= Contempo Magazine =

Contempo Magazine is a bi-monthly magazine that features photo-essays in fashion and culture from a South Texas perspective.

== History ==
The magazine is owned by Contempo Magazine, Inc. and was established in January 2008. It features articles about fashion, home improvement, entertainment, technology, computers, health care, personal finance, travel, pets, food and dining, restaurant reviews, and stories relevant to the Rio Grande Valley of Texas. Many of the stories deal with the Reynosa–McAllen metropolitan area along the Mexico–U.S border, influenced by both American and Mexican culture.

William Ralph Magaña is the editor of Contempo Magazine and Tony Magaña is the co-editor and blogger. Magaña also writes for the American Daily Review, and is a member of the National Association of Hispanic Journalists. Other writers have included fashion (Vanessa Valiente and Crystal Felici), computers (Michael Bilyeu), health (Tony Barclay), personal finance (Melissa Magaña), opinions/editorials by Congressmen Henry Cuellar, Rubén Hinojosa and Senator John Cornyn (R-TX).

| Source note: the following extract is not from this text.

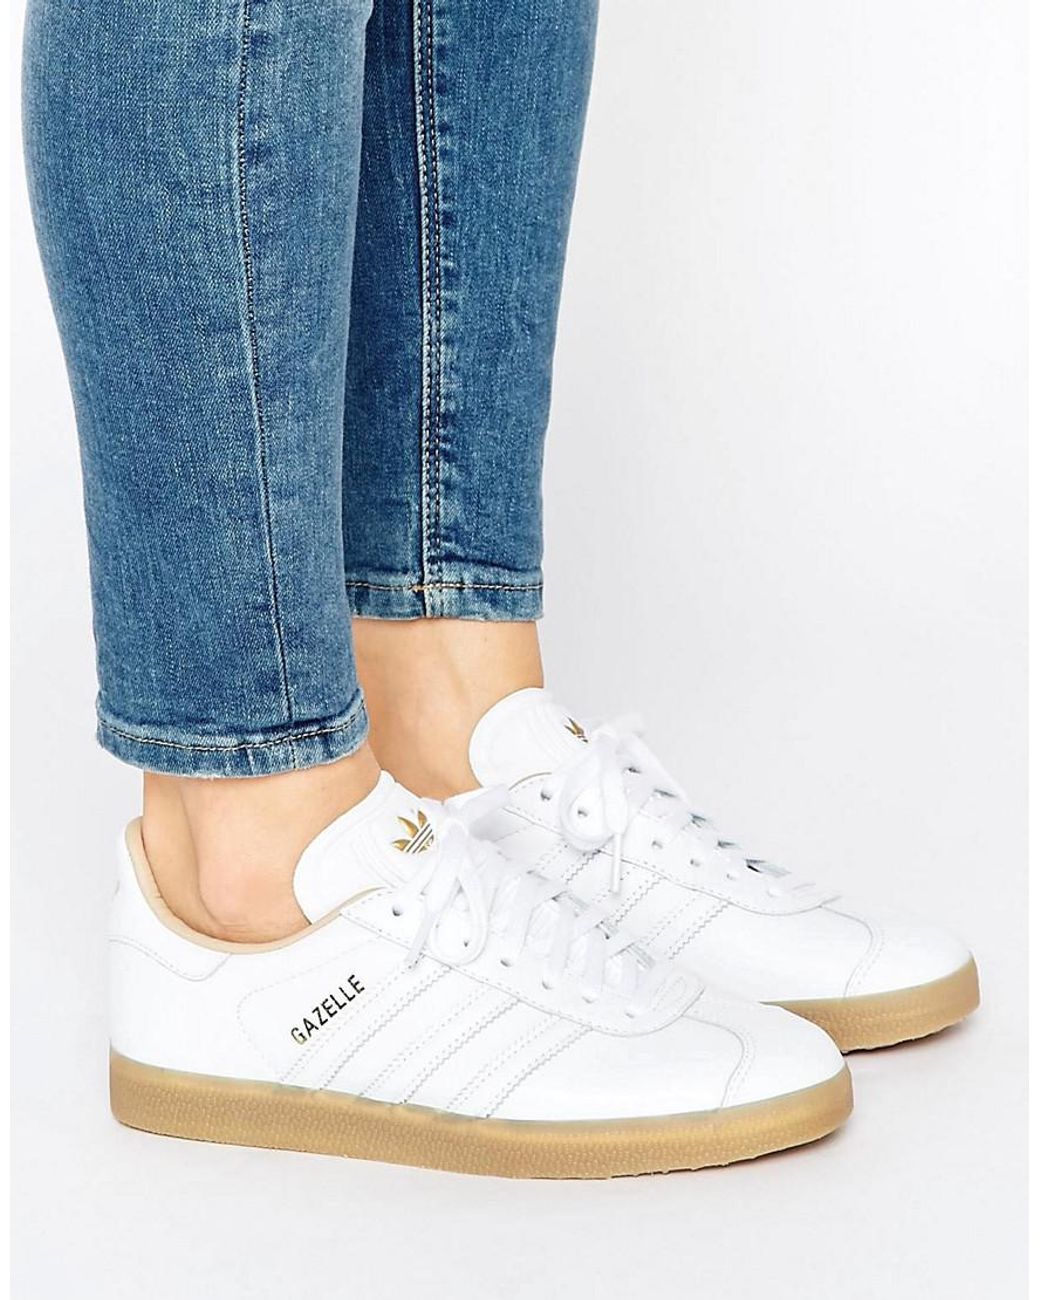 adidas Originals White Leather Gazelle Sneakers With Gum Sole for Men | Lyst

Contempo Magazine added a weekly internet talk radio program in August 2008 (currently on sabbatical).

OpenCongress, a website project of the Sunlight Foundation and the Participatory Politics Foundation, both of which are non-profit and non-partisan, has listed articles by Contempo Magazine blog as being useful articles for Congressional bills regarding veterans, the Texas border fence, Senator John Cornyn, the economic crisis, and freedom of religion.

The target demographic is affluent Hispanic Baby boomers households of professionals, business owners, and wealthy homeowners ages 30 to 55. Although fashion is a major feature of the magazine, the intended demographic is to catch male readers as well with articles on technology and computers. An active blog discusses local and national issues relevant to McAllen, the Rio Grande Valley, and the nation from a conservative Hispanic point of view.